Without any images, write the data out exactly as it appears.

==== Source data

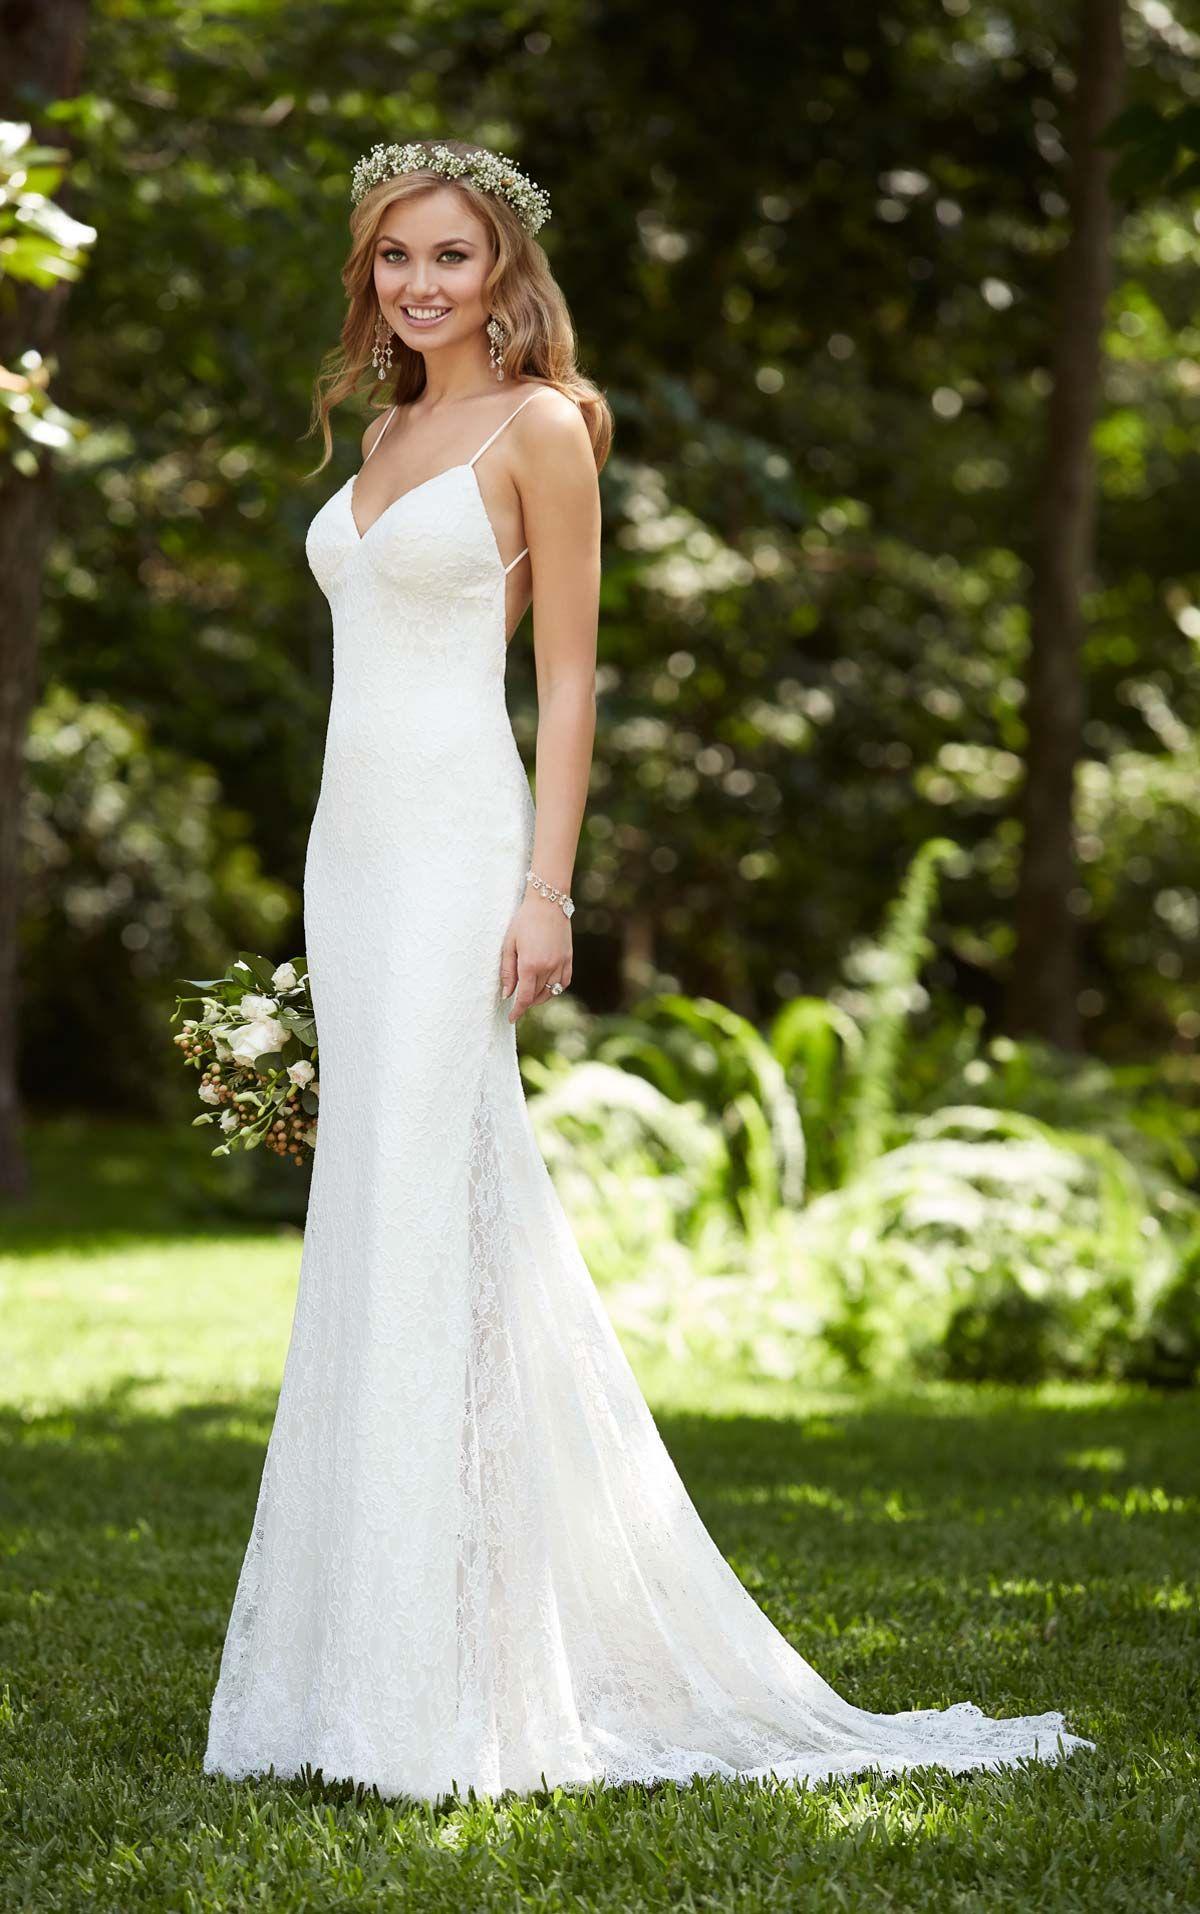 Brautkleid mit atemberaubend tiefem Rückenausschnitt
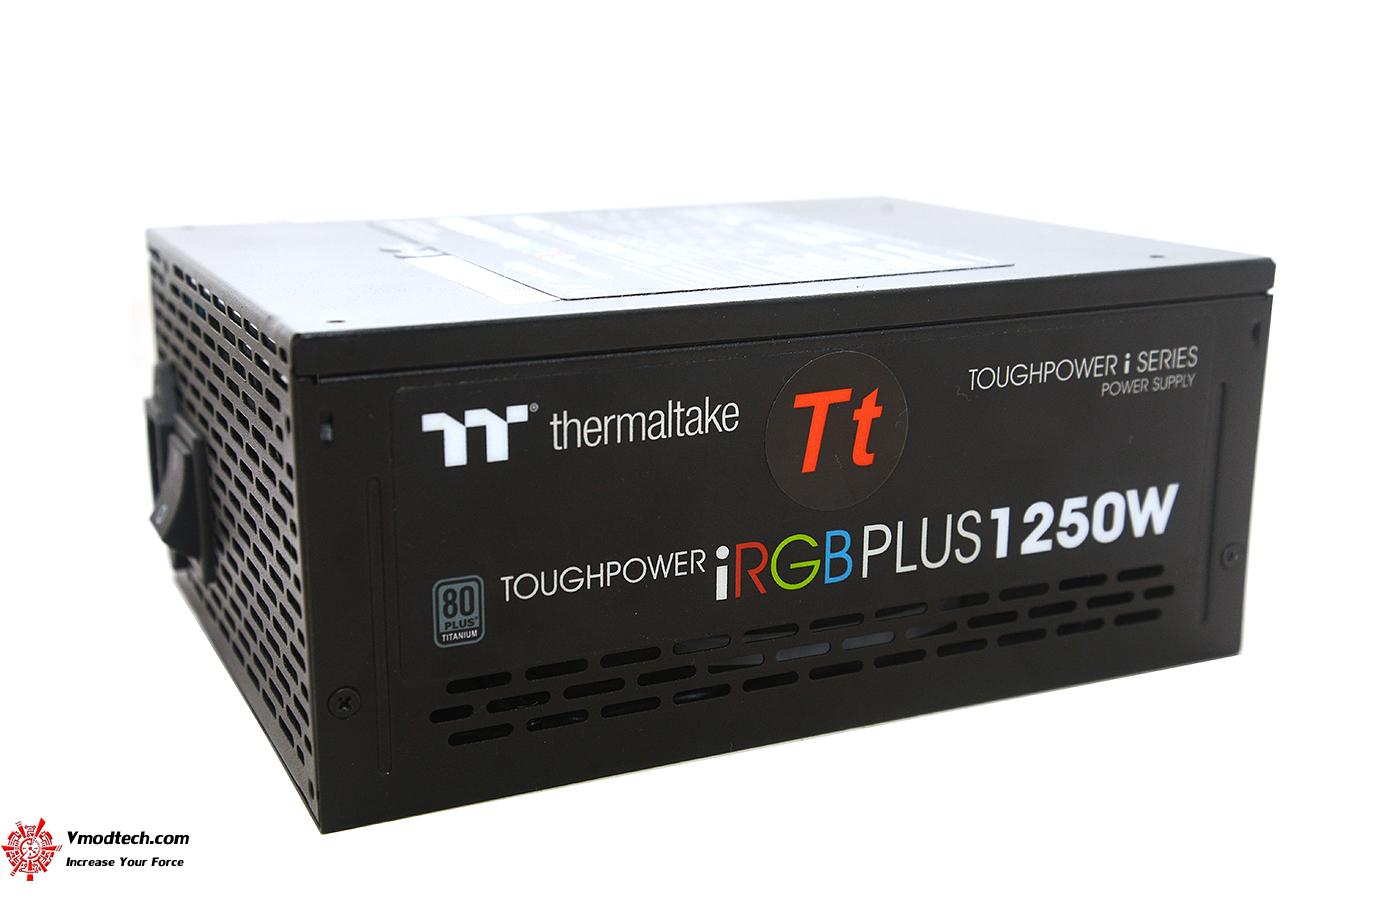 dsc 2560 Thermaltake Toughpower iRGB PLUS 1250W Titanium   TT Premium Edition Review
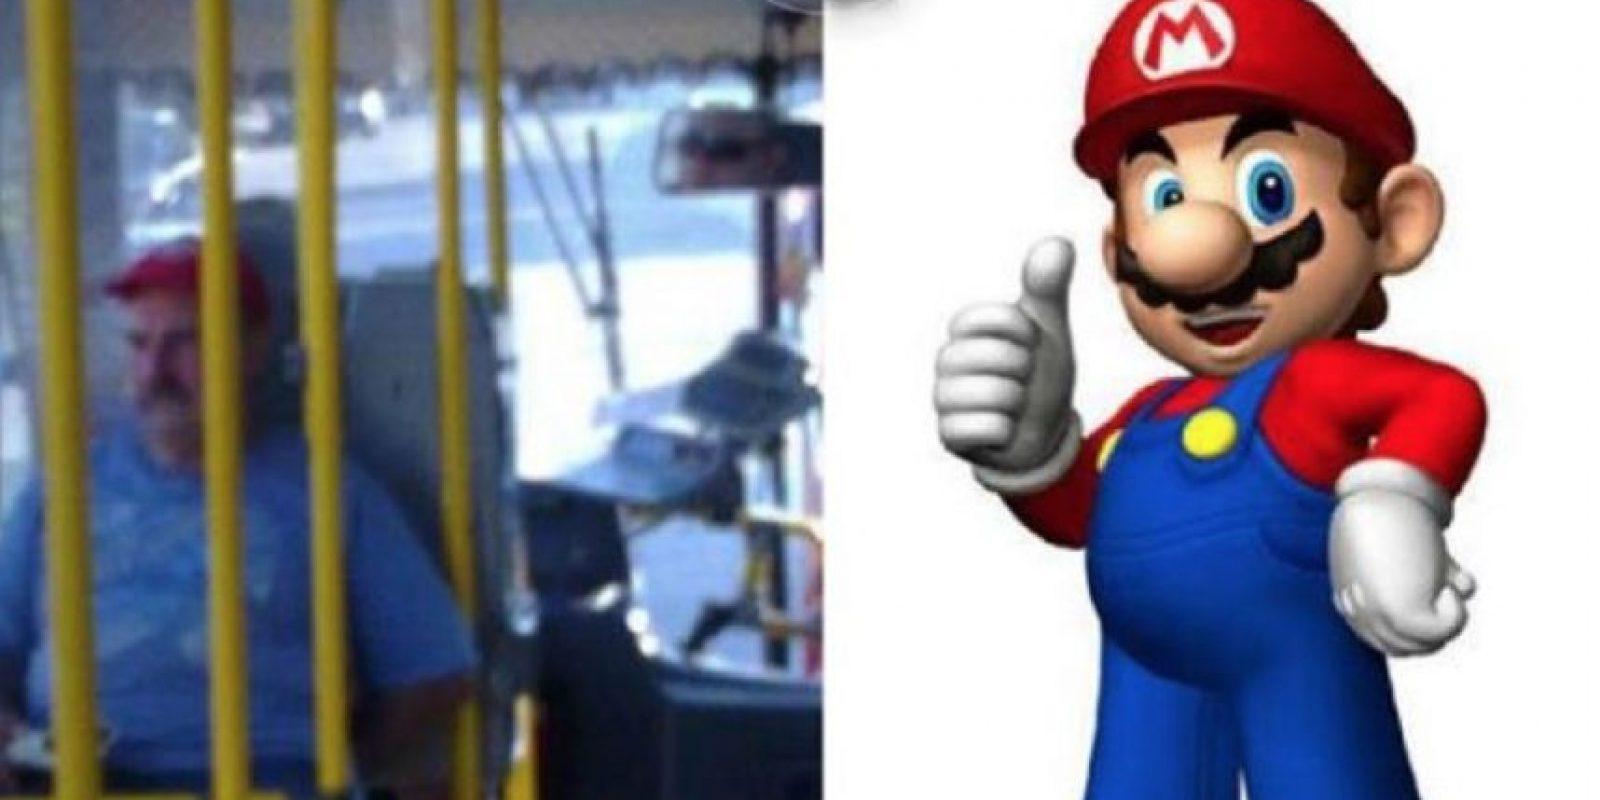 Súper Mario Foto:Parecidos De Bondis/Facebook
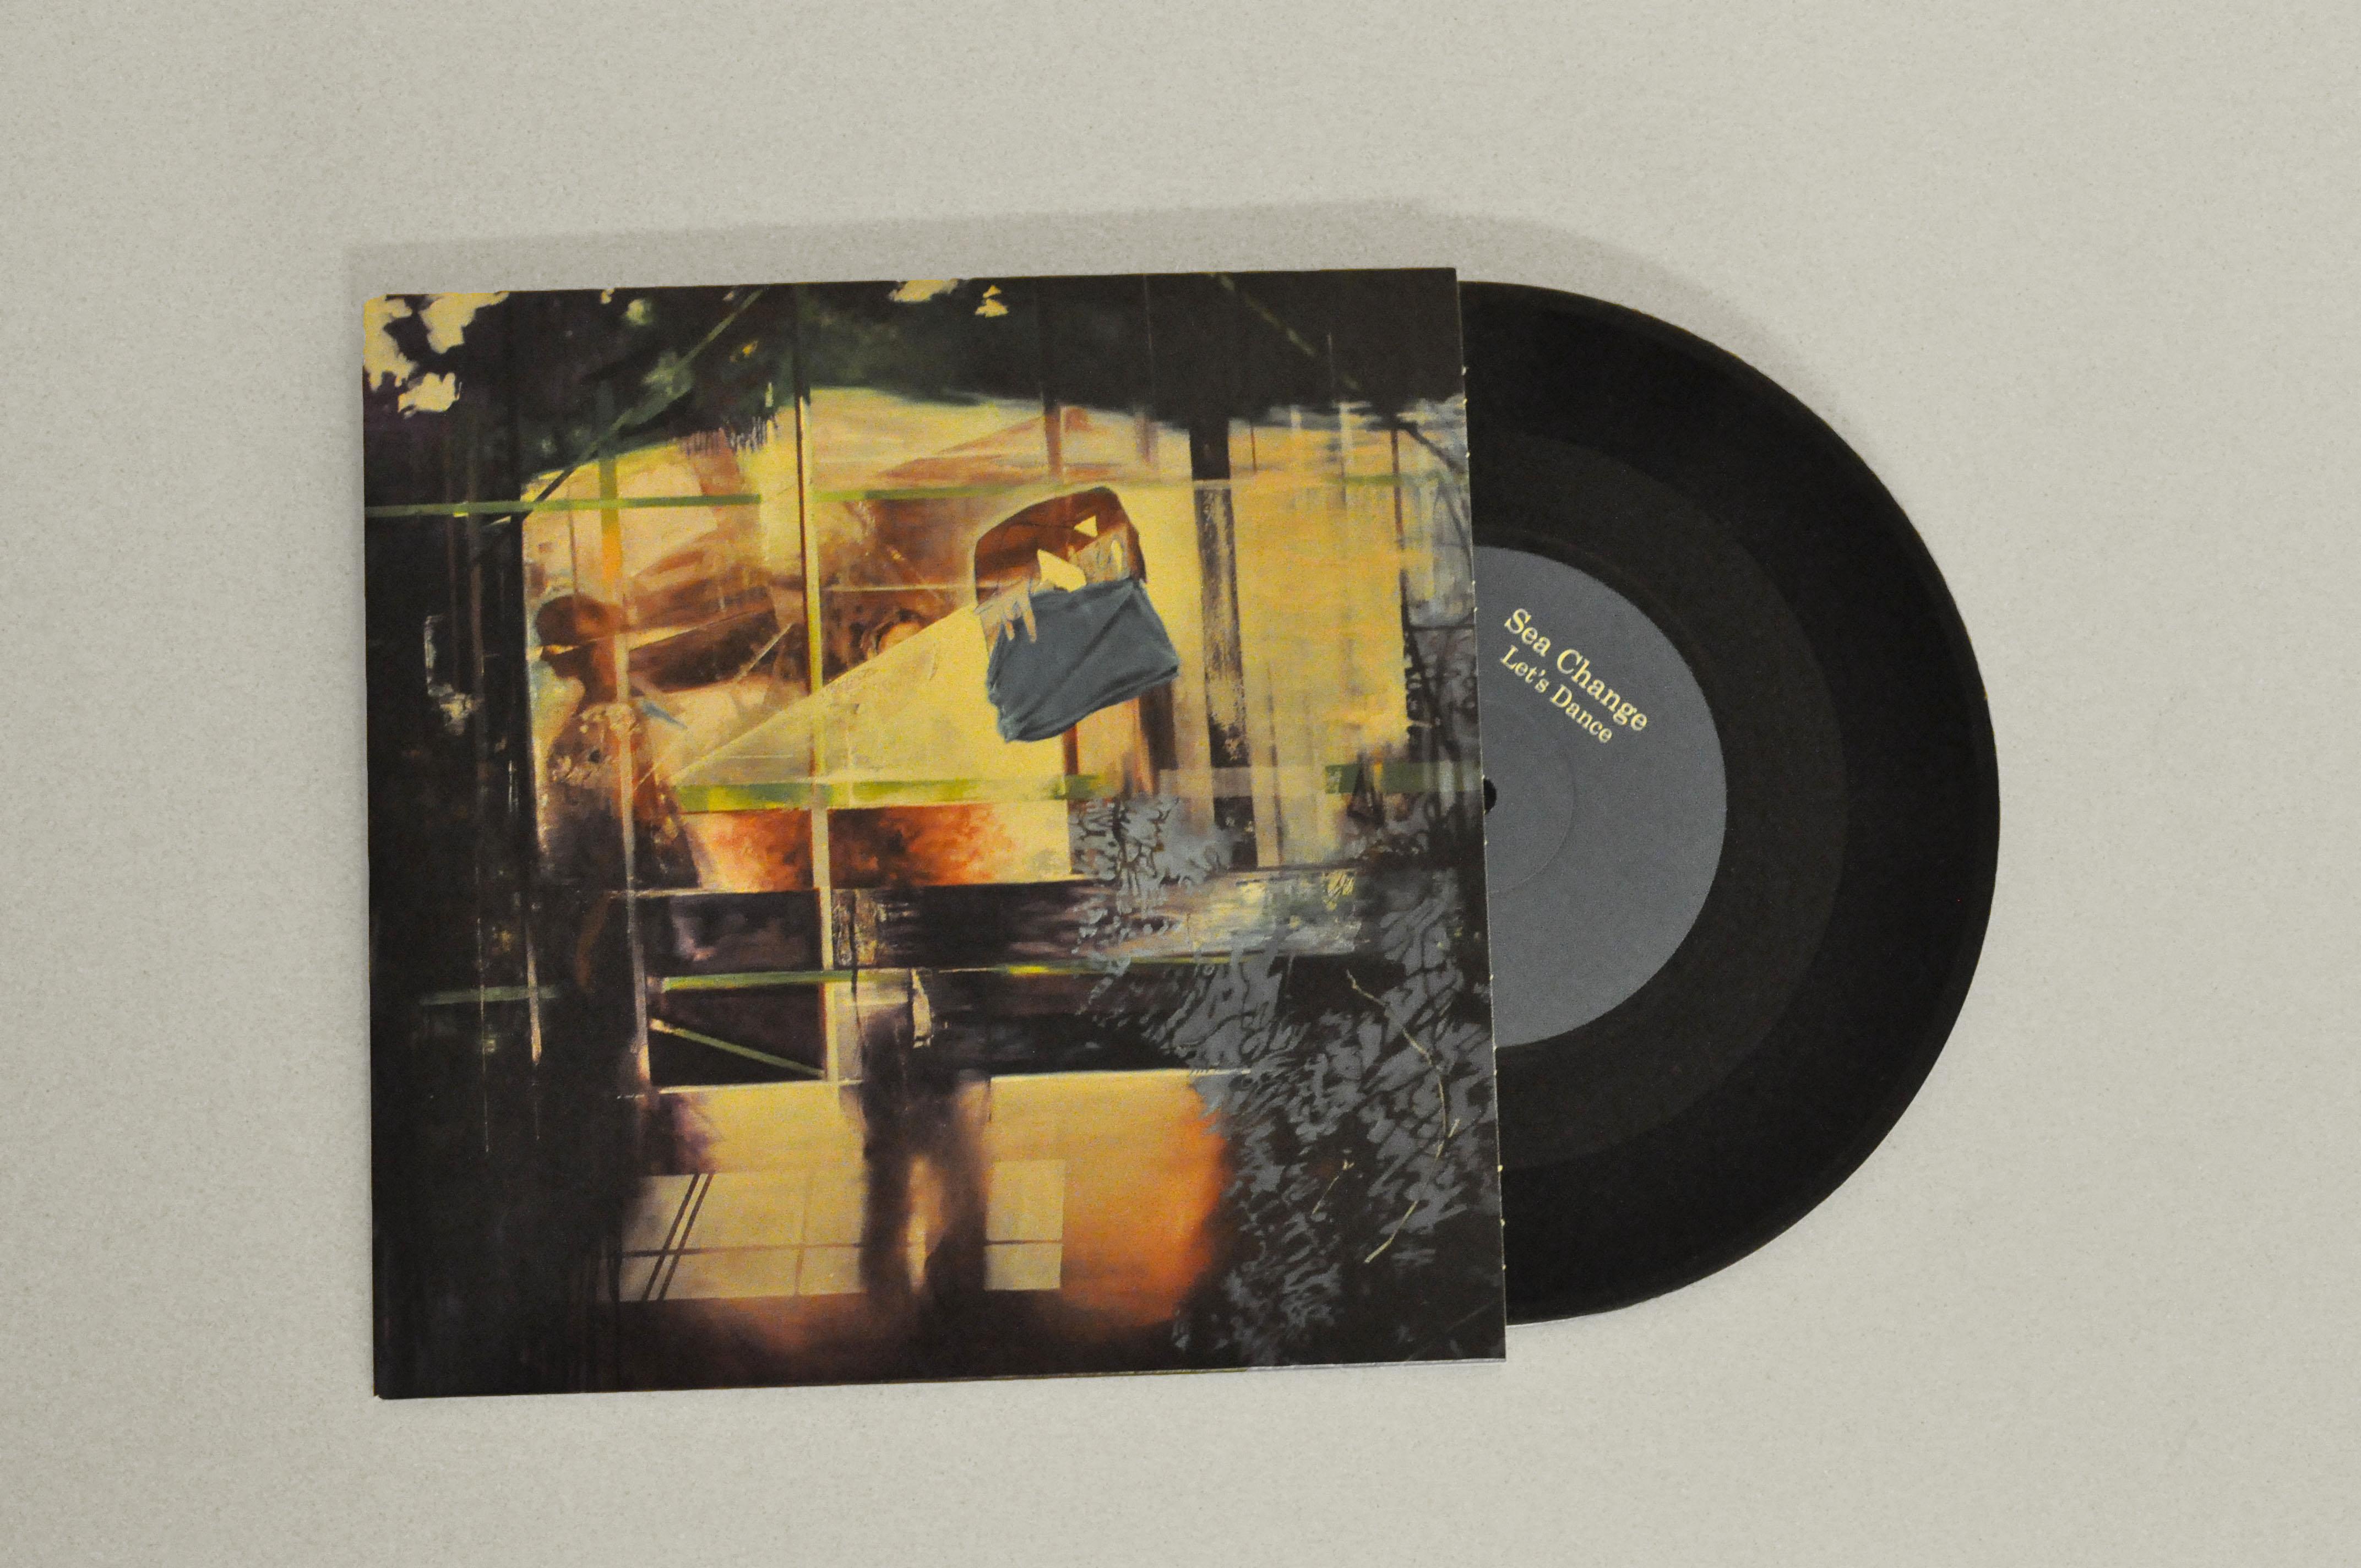 "Sea Change - Let's Dance 7"" single - Shapes Recordings"

========

_Result below_
 Brautkleid mit atemberaubend tiefem Rückenausschnitt
 dsc 2560 Thermaltake Toughpower iRGB PLUS 1250W Titanium   TT Premium Edition Review
 Súper Mario Foto:Parecidos De Bondis/Facebook
 "Sea Change - Let's Dance 7"" single - Shapes Recordings"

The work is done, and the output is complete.